Your task is to transcribe exactly, and only, the lines running from the one with "McCulloch 7096-FG6024 7265-EC6004, Feb-06, SERVICE" to the end of the listing below, inclusive, with every picture left out.

__Input data__.
========================================================================

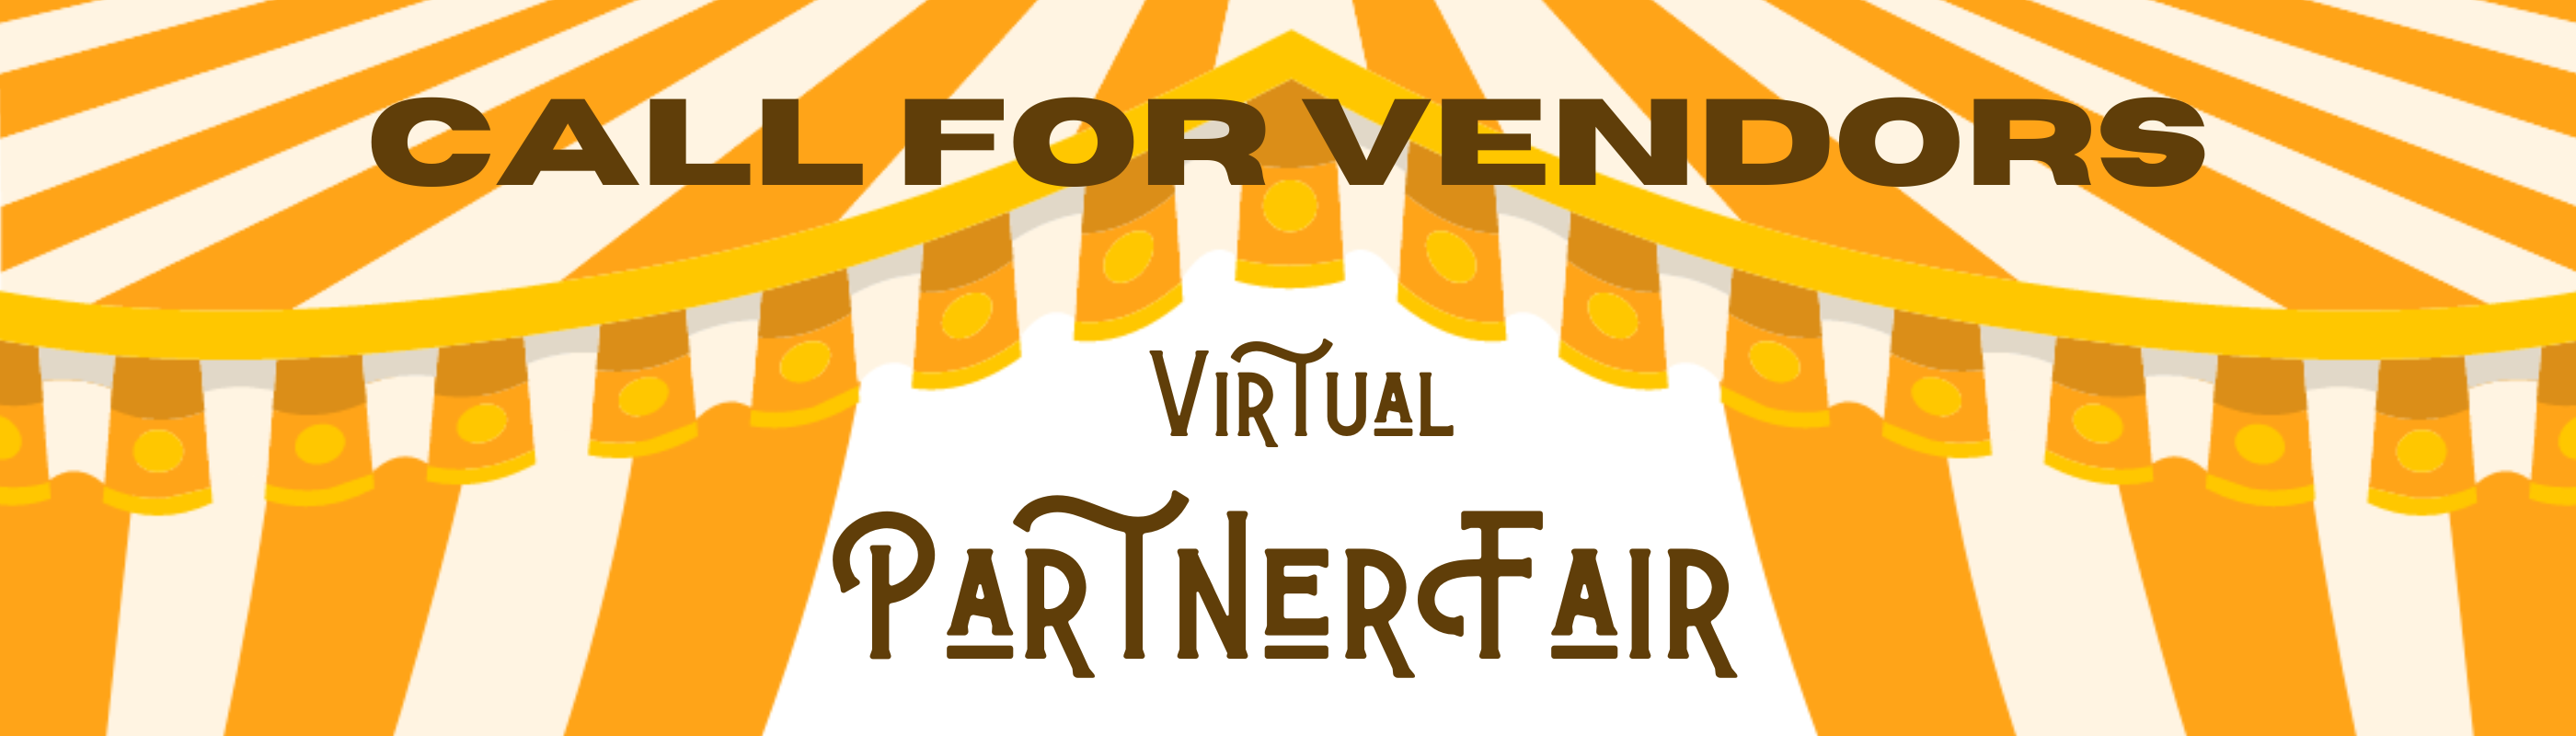 Call for Vendors: Virtual Partner Fair
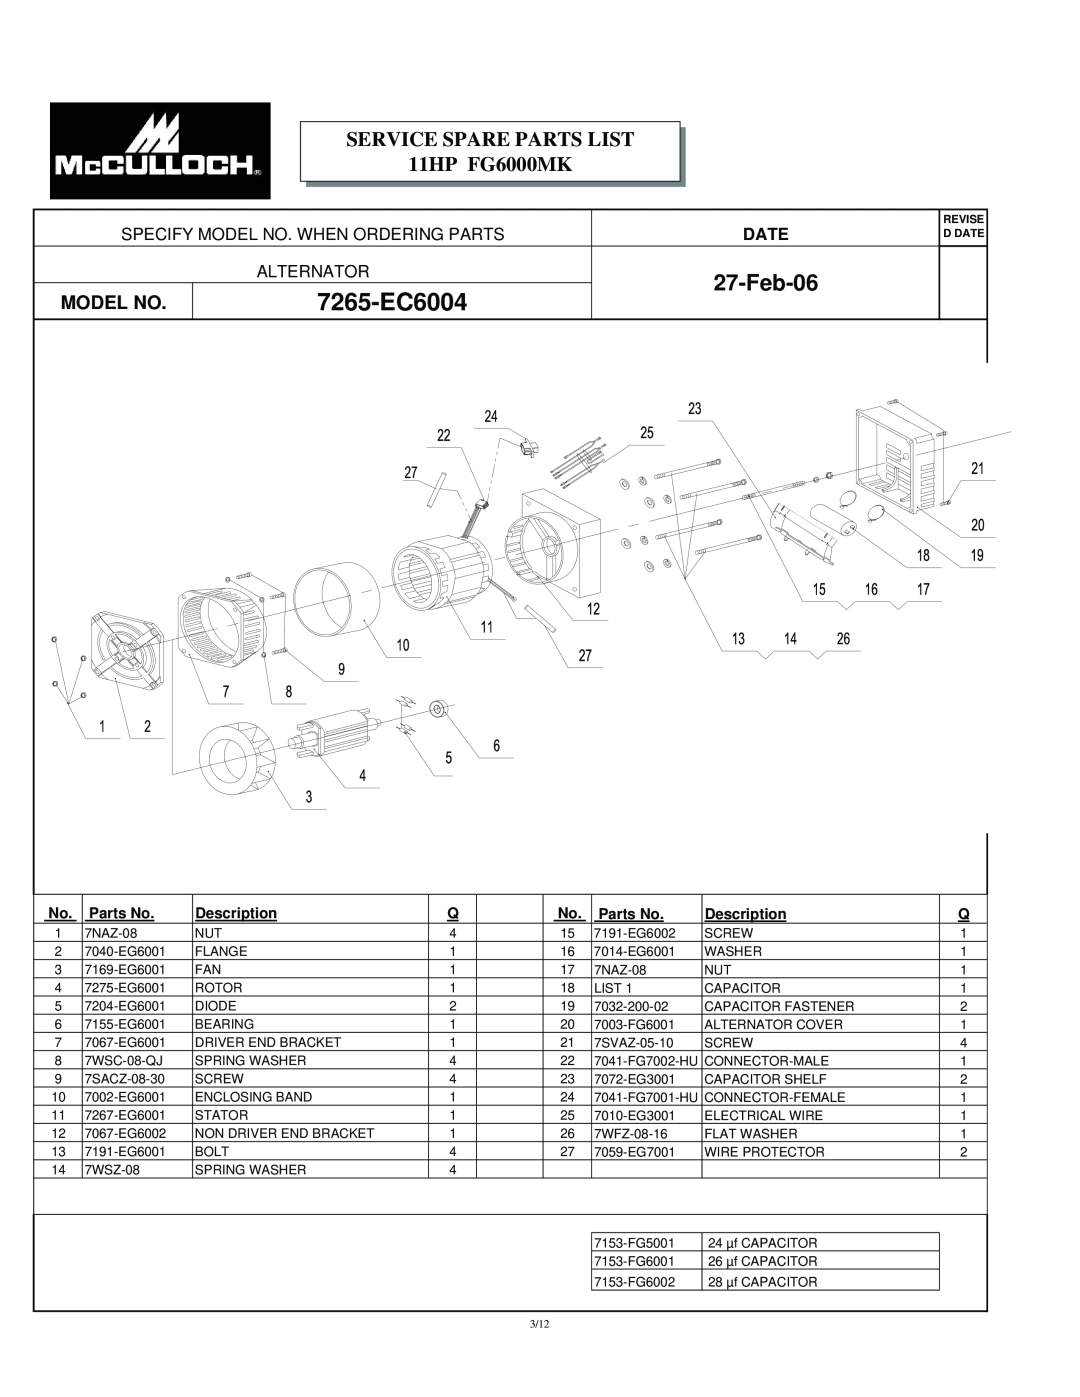 McCulloch 7096-FG6024 7265-EC6004, Feb-06, SERVICE SPARE PARTS LIST 11HP FG6000MK, Model No, Date, Alternator, Parts No 
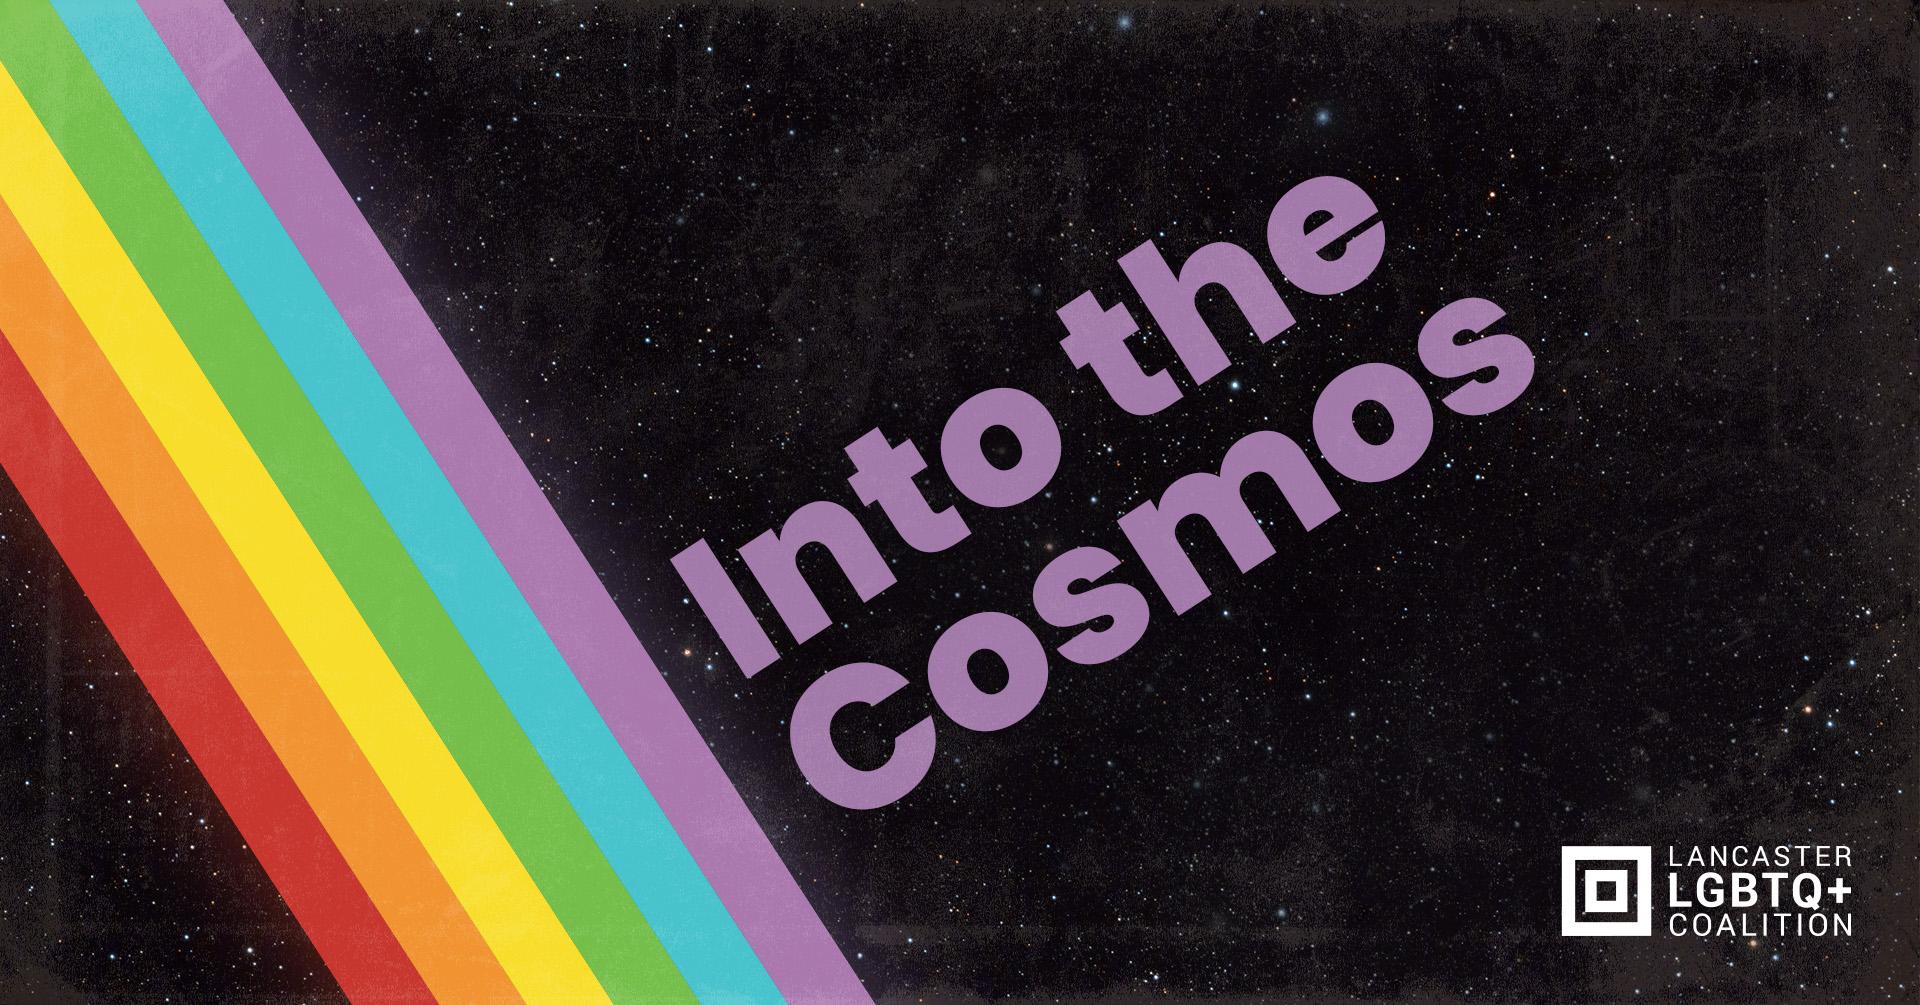 Into the Cosmos
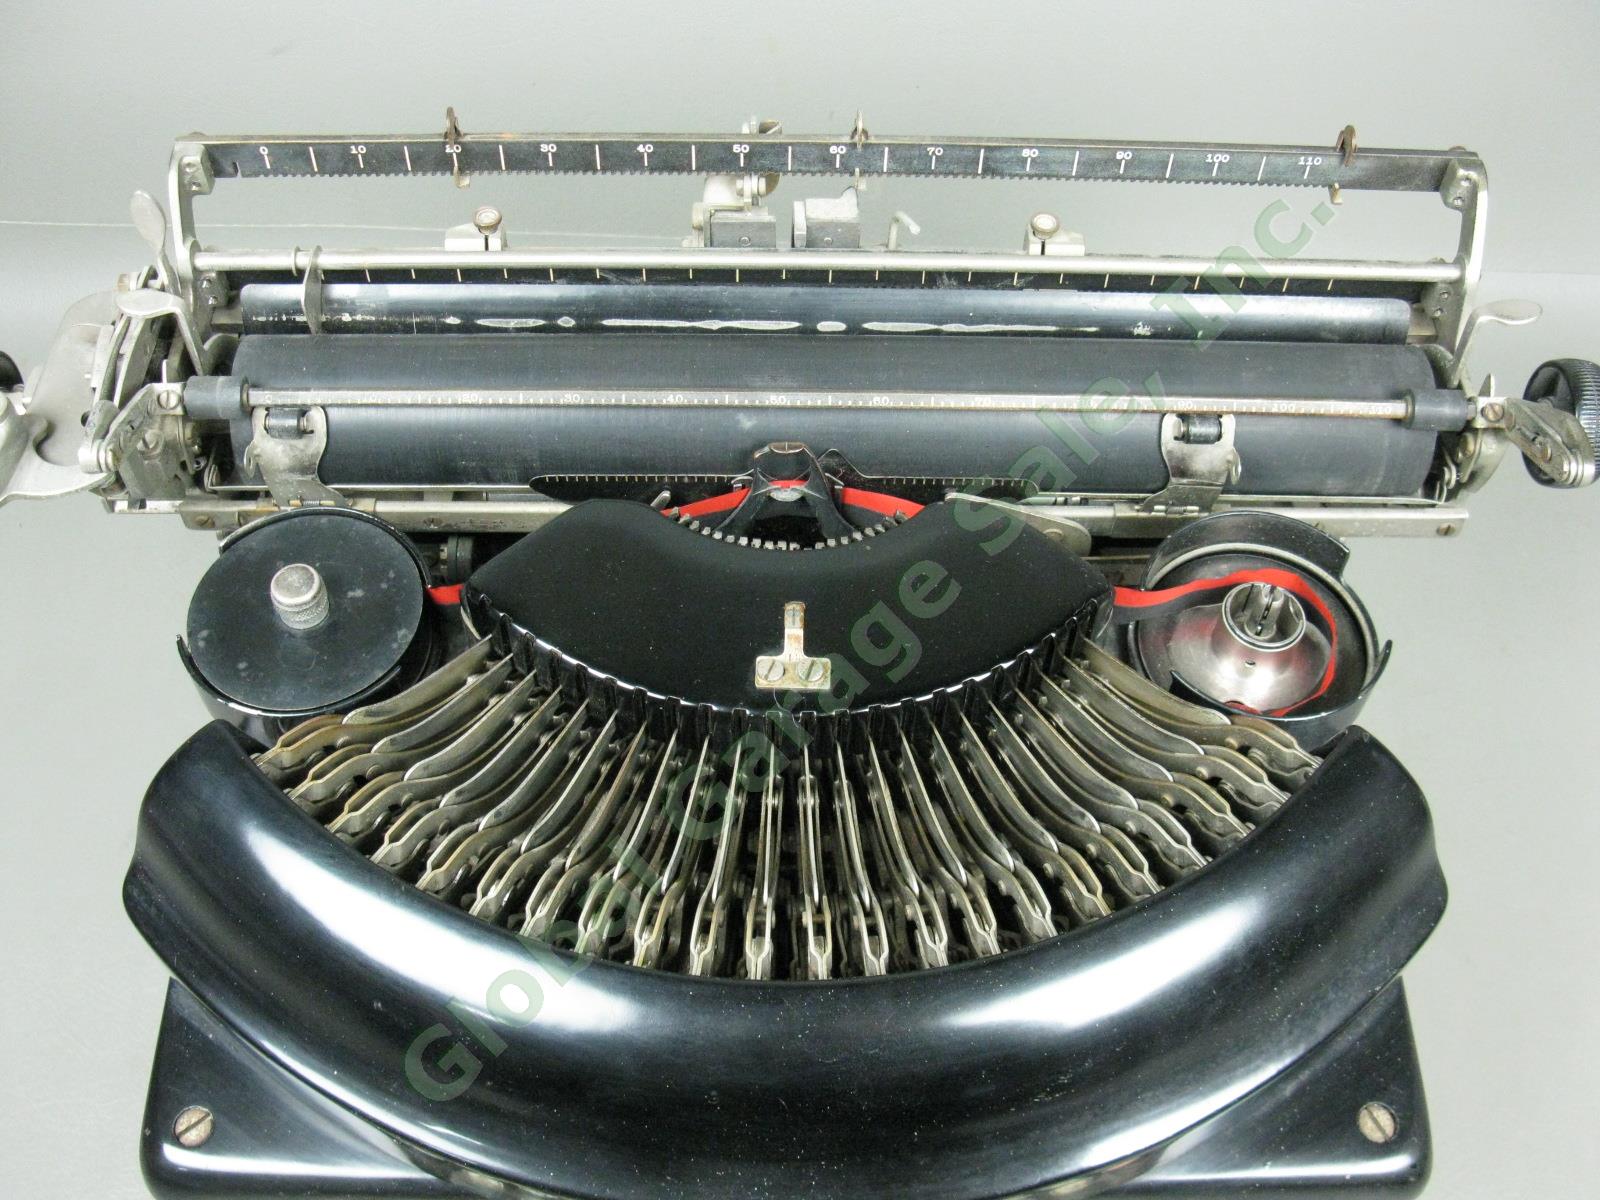 Vtg Antique 1929 Remington Noiseless 6 Manual Typewriter Serial X117909 Cleaned 2

========================================================================

__Solution for this task__.
 McCulloch 7096-FG6024 7265-EC6004, Feb-06, SERVICE SPARE PARTS LIST 11HP FG6000MK, Model No, Date, Alternator, Parts No 
 Into the Cosmos
 Vtg Antique 1929 Remington Noiseless 6 Manual Typewriter Serial X117909 Cleaned 2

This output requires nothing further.